I definitely lost a few pounds ripping through that iroko , but i'm just about finished my first workbench , its frame is made of red deal and worktop and backboard from iroko with a plywood tool well, what wood be the best oil or finish for these materials for maximum protection ? Cheers, paulc


----------



## Midnight (13 May 2004)

I gave some thought to that after finishine my tail vice project... decised on organoil... it doesn't offer too much scratch protection, but given that the wood's going to move over time, it'd be easy to plane it flush again....

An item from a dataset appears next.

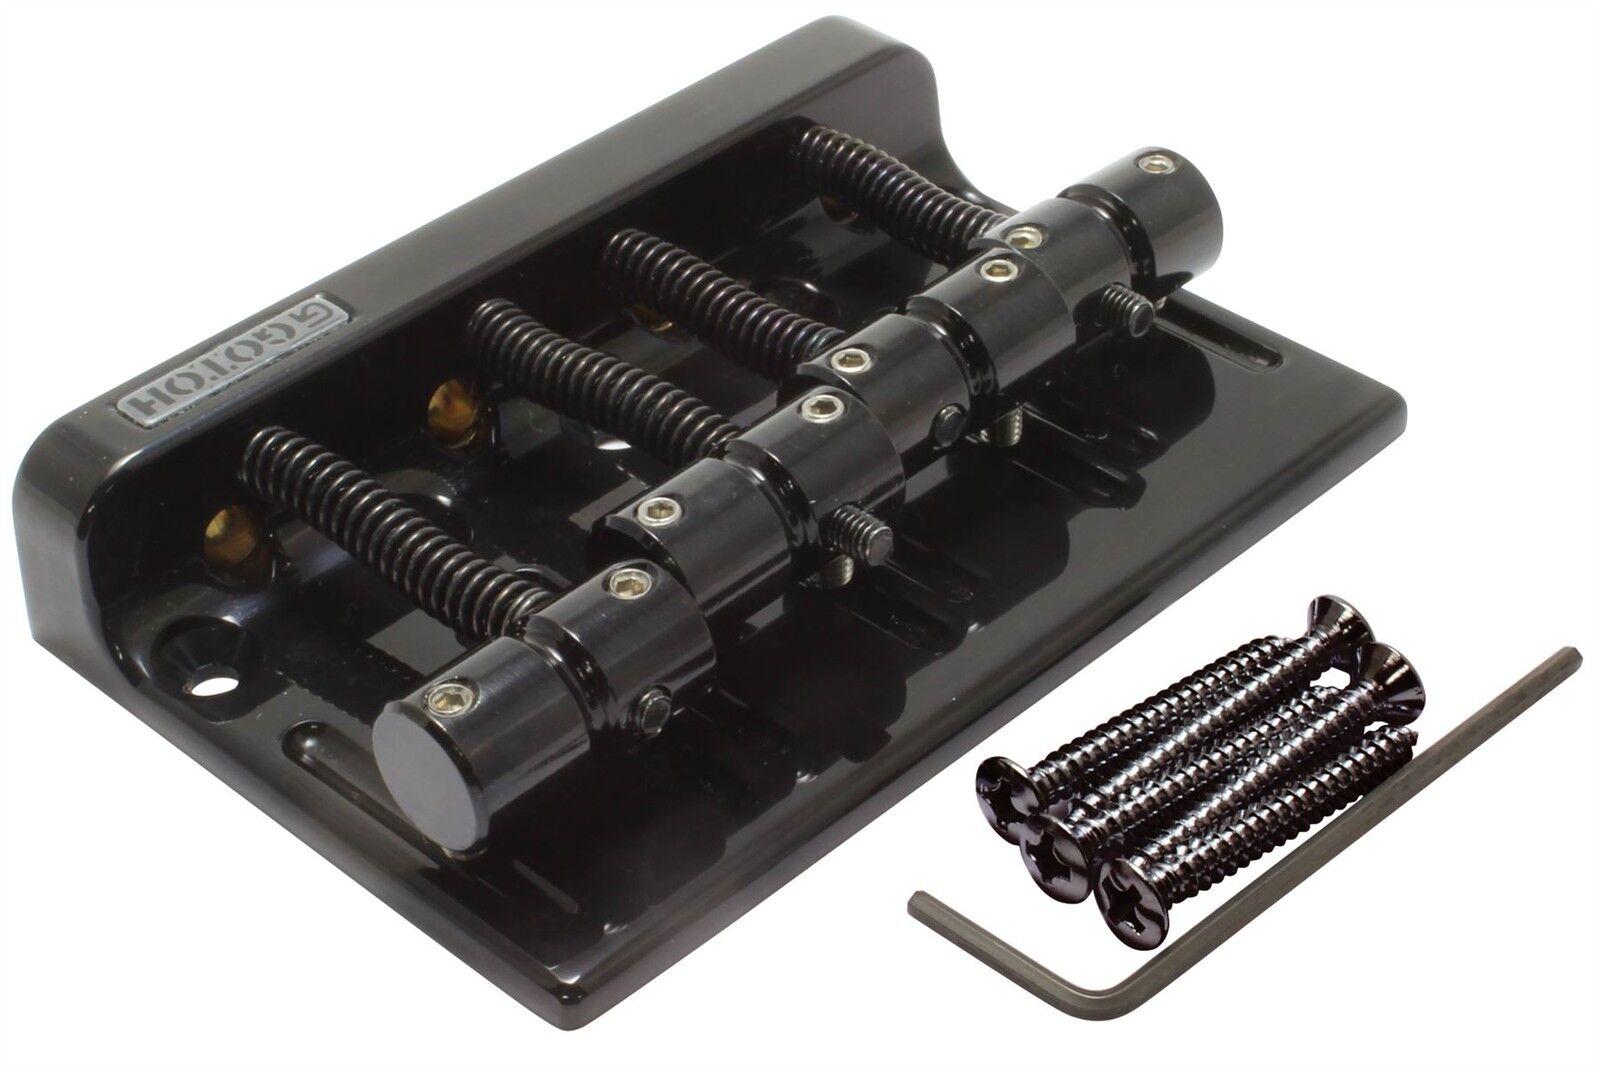 Gotoh 201b-4 bajo 4-cuerdas Puente 2 1 4 4 4  de separación-Negro  Para tu estilo de juego a los precios más baratos.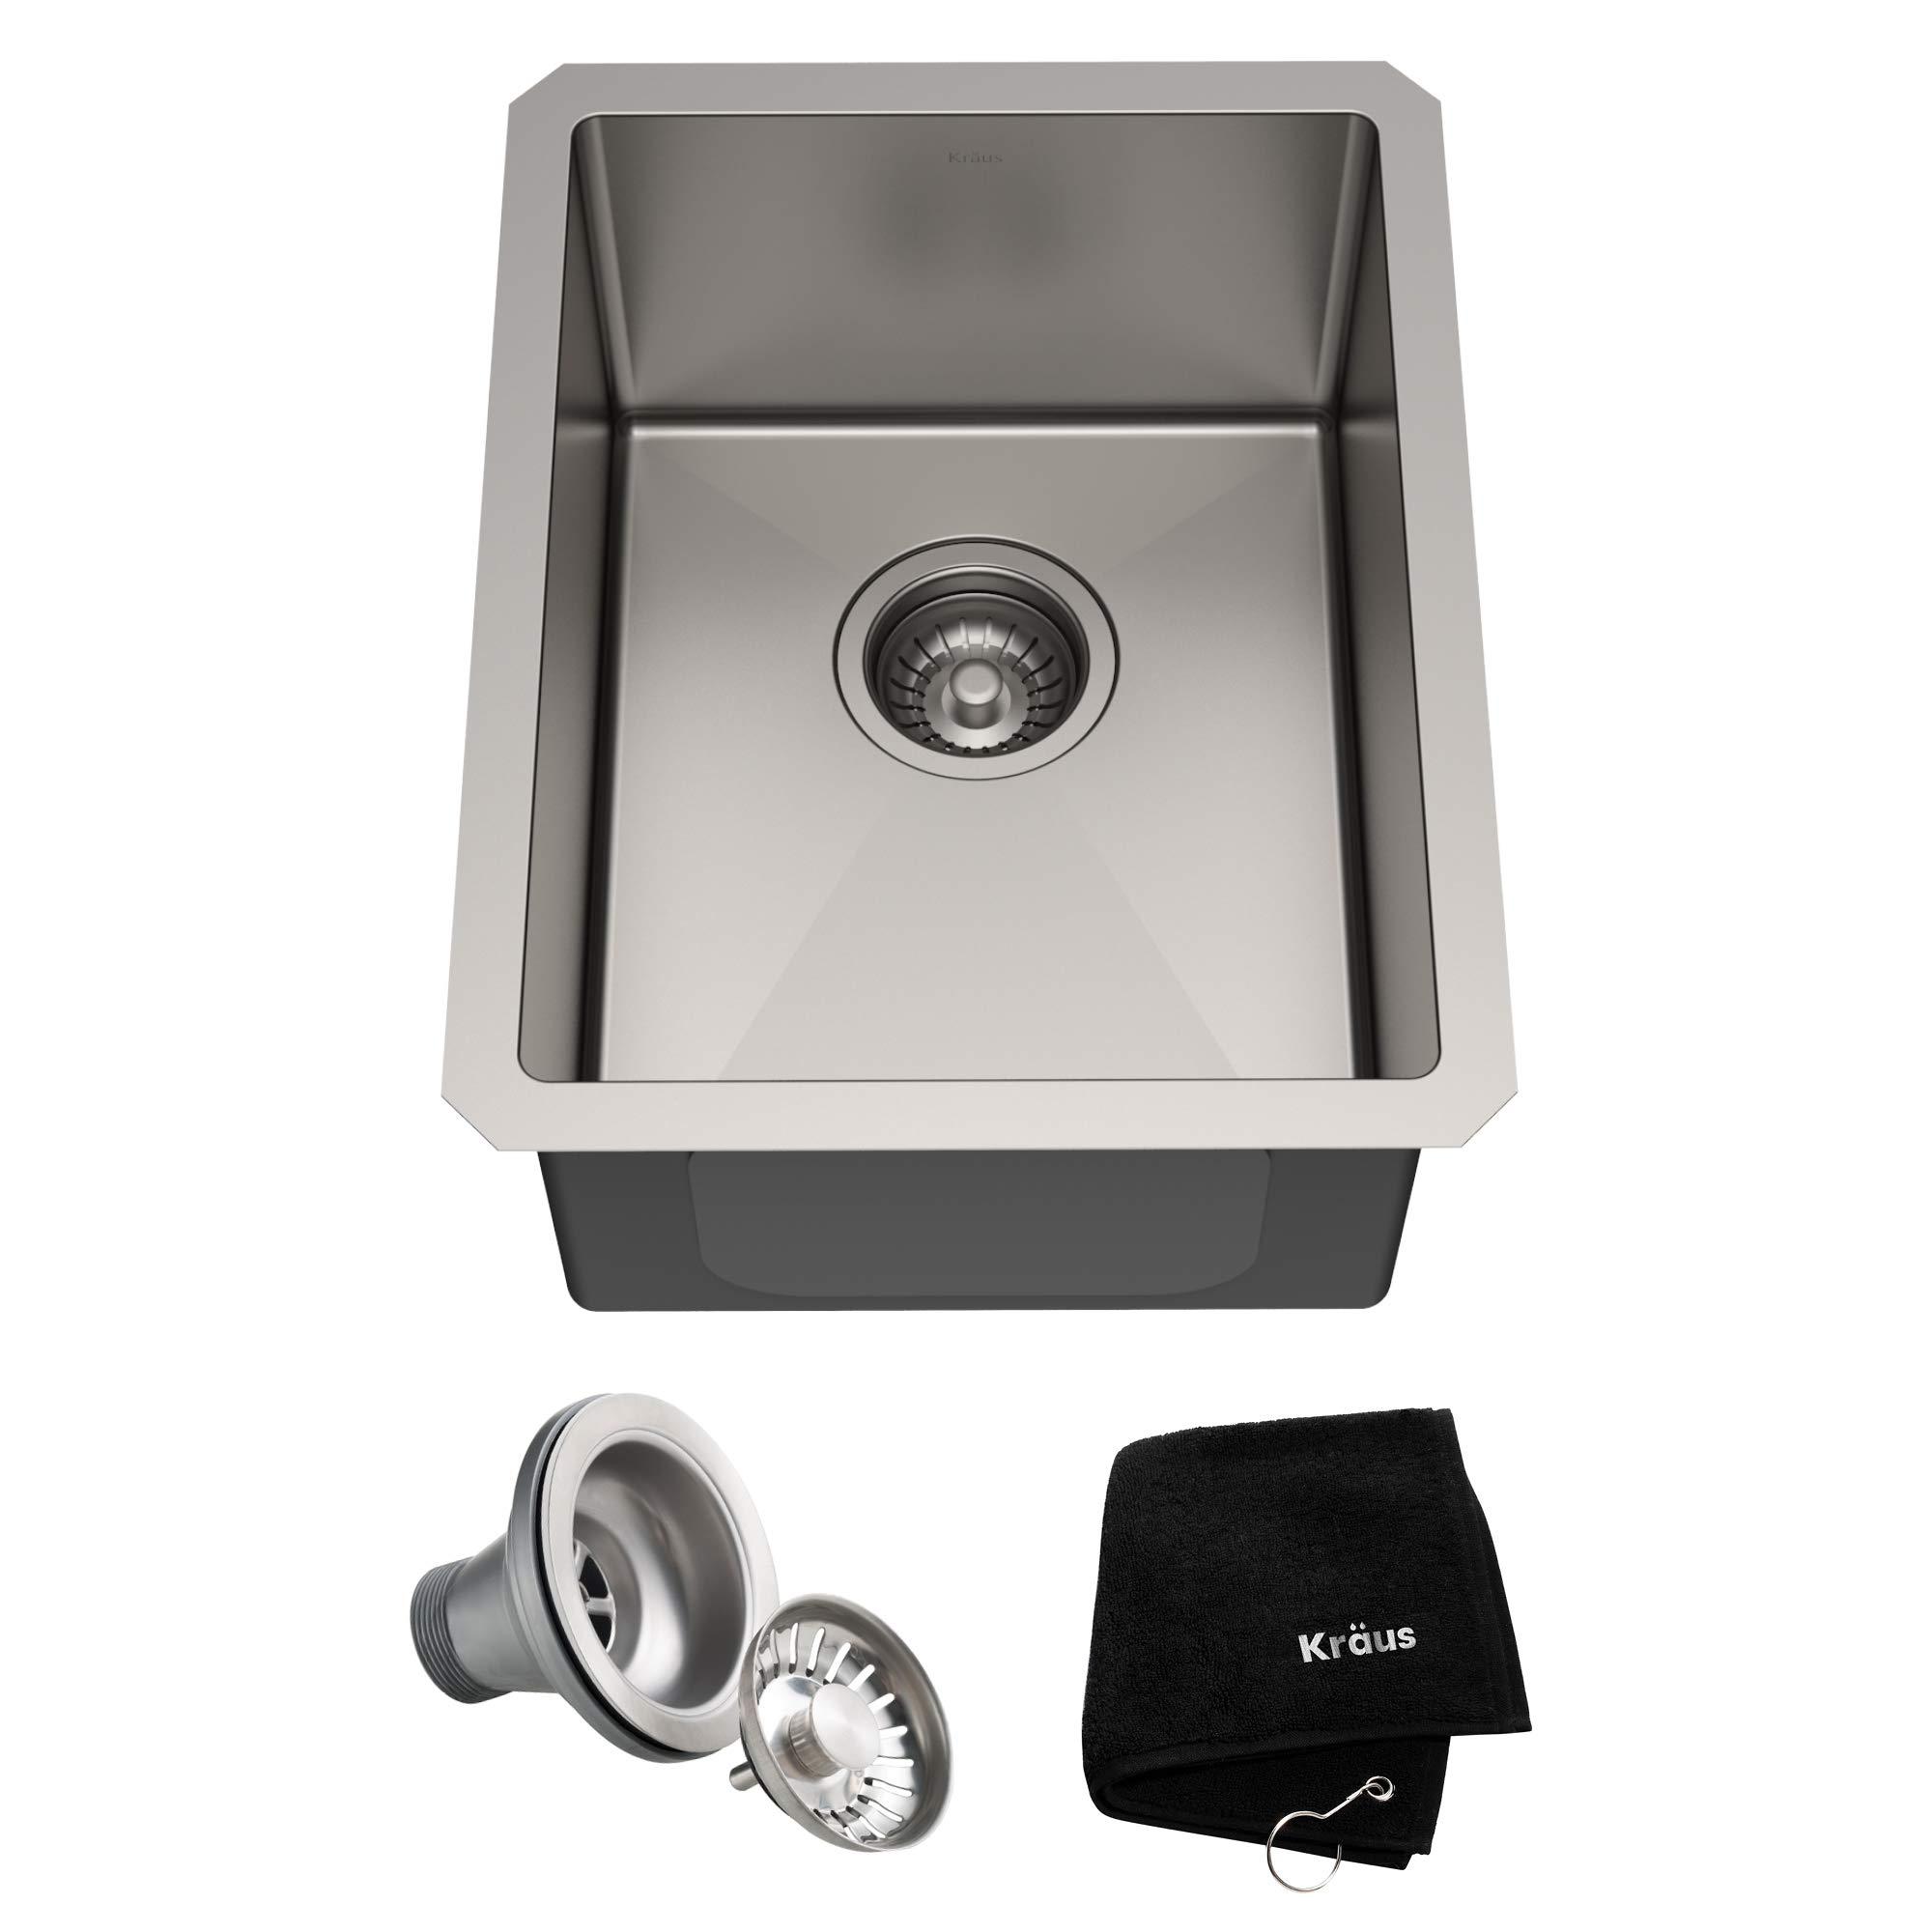 Kraus KHU101-14 Standart PRO Kitchen Stainless Steel Sink 14 Inch

a varnish or similar would need stripping first..


----------



## Philly (14 May 2004)

Paul
I used a product called "Patina", which is a wipe on varnish. Search the forum for more info on this. It is pretty easy to apply and is water and heat resistant. Also it is easy to touch up if damaged.
Cheers,
Philly


----------



## Anonymous (15 May 2004)

Sadly couldnt get my hands on any 'organoil' or 'patina' , impatience got the better of me and i have used 'Rustins' Danish oil , it says apply three times , its pretty sticky after the first coat so Im apprehensive as to whether it would be wise to stick on another , any suggestions? on the upside its gone some way to covering up the scarified interlocked grain on my iroko worktop


----------



## DaveL (15 May 2004)

Mike,

I have not used Rustins Danish oil but Liberon finishing oil. I understand that they are both based on Tung oil and are quite similar. 
This is how I use the finnish oil, apply a coat I use a brush but you can use a rag if you like.  
Wait 10 minutes, then with a clean rag, wipe off the excess oil. For big jobs you need a supply of rags and be careful with the used ones. They can self ignite, spread them to dry before chucking them in the bin. :shock: 
Leave the oil to dry, Liberon recommend 5 hours and repeat the process. 
Cut back before the final coat, which depending on what your doing could be anything from 3 to 7 or 8. Stand back and admire finnish.


----------



## trevtheturner (15 May 2004)

Hi Paulc,

The only supplier I know of for 'Patina' is Screwfix.

Re: Danish oil - don't have any to hand at the mo. but it probably has a much longer drying time than Liberon Finishing Oil (all to do with the drying agents added to the oils).

Other than that I go along exactly with what DaveL says and have found it works well.

Trev.


----------